Use one of the macros to create chunks from your documents. Fixed-size chunks (300-600 chars with 10-20% overlap) work well for most use cases:

CREATE OR REPLACE TABLE hn_text_chunks AS
SELECT
id AS post_id,
title,
chunks.chunk_number,
chunks.chunk_text
FROM hn_stories
CROSS JOIN LATERAL chunk_fixed_size(text, 500, 100) chunks;
-- Alternative: CROSS JOIN LATERAL chunk_paragraphs(text) chunks;
-- Alternative: CROSS JOIN LATERAL chunk_sentences(text) chunks;

Generate embeddings for the chunks:

ALTER TABLE hn_text_chunks ADD COLUMN chunk_embedding FLOAT[512];
UPDATE hn_text_chunks SET chunk_embedding = embedding(chunk_text);

Once you have chunks with embeddings, search them the same way as full documents using array_cosine_similarity() - the chunk-level results often provide more precise matches than searching entire documents.

Performance Guide

Search performance depends on several factors, from the chosen search method, to cold vs. warm reads, Duckling sizing, and tenancy model.

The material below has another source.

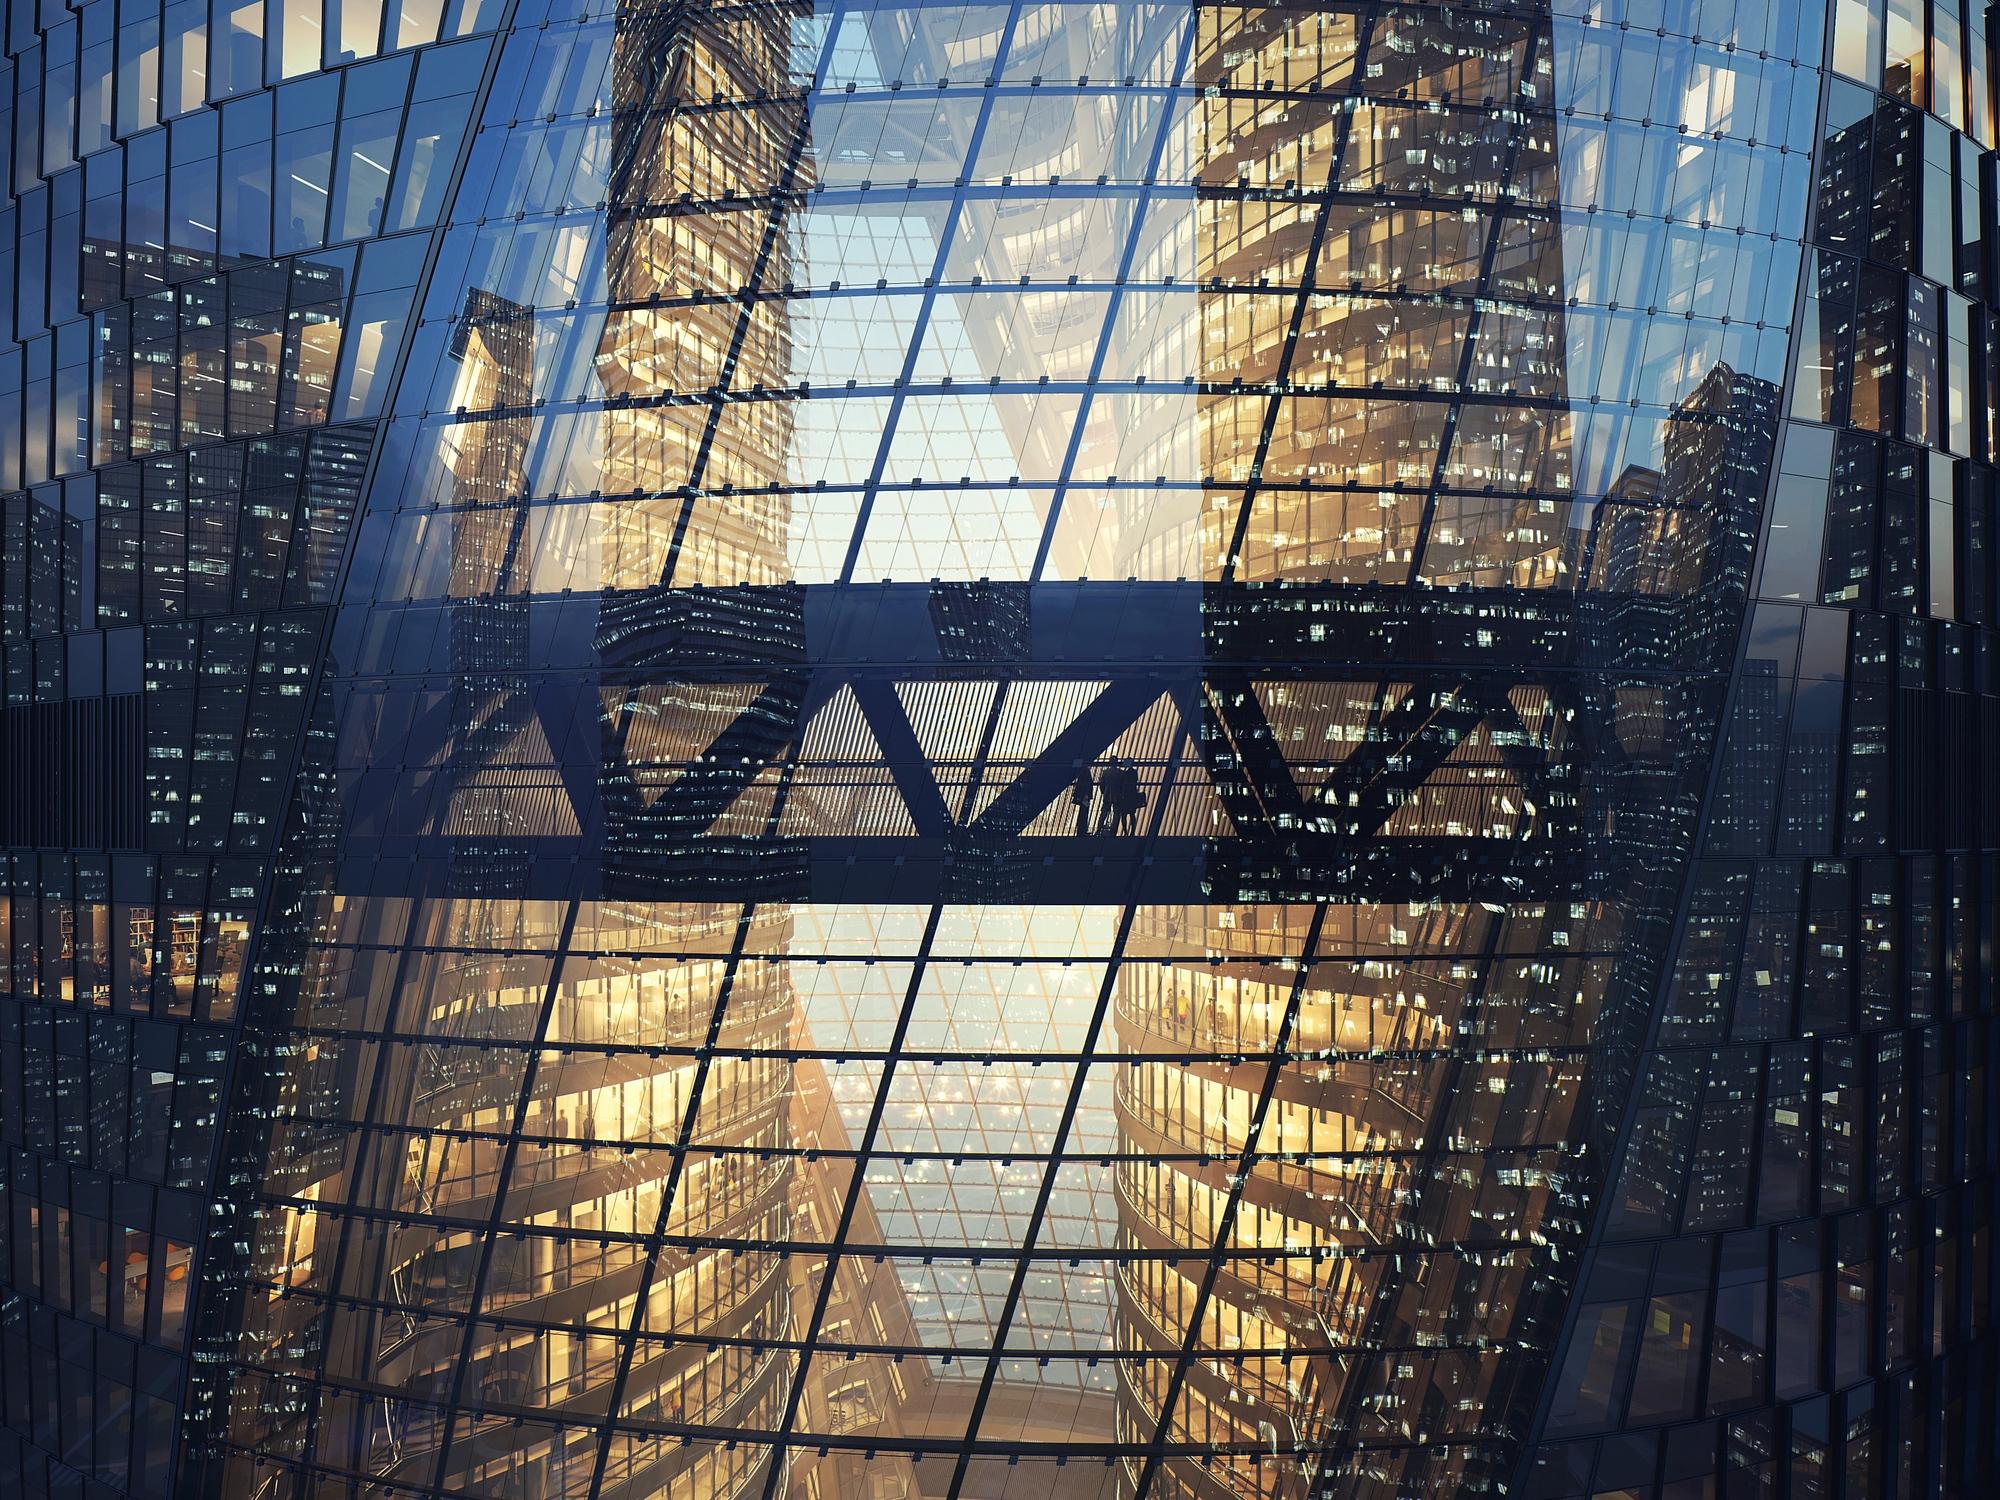 Fluid Luminosity The Architectural Lighting Of Zaha Hadid

When running a search query against your data for the first time (cold read), it may have a higher latency than subsequent queries (warm reads). For production search workloads, ideally dedicate a service account's Duckling primarily to search, so other queries don't compete with search queries. Account for Duckling cooldown periods - the first search query after cooldown may experience more latency.

The DuckDB analytics engine divides data into chunks and processes them in parallel across threads. More data means more chunks to process in parallel, so larger datasets don't necessarily take proportionally longer to search - they just use more threads simultaneously.

Duckling sizing: Optimal latency requires warm reads and enough threads to process your data in parallel. With the ideal Duckling sizing configuration matched to your dataset size, keyword search over identifiers (exact match, fuzzy match) typically achieves latencies in the range of a few hundred milliseconds, while document search (regex, Full-Text Search, embedding search) typically achieves 0.5-3 second latency. Our team is happy to help advise on the right resource allocation for your specific workload and latency targets - get in touch to discuss how we can meet your needs.

Handling Concurrent Requests: For handling multiple simultaneous search requests effectively, consider using read scaling to distribute load across multiple read scaling Ducklings. Alternatively, consider per-user tenancy, providing isolated compute resources for each user.

To optimize further, see the strategies below. For questions or requirements beyond this guide, please get in touch.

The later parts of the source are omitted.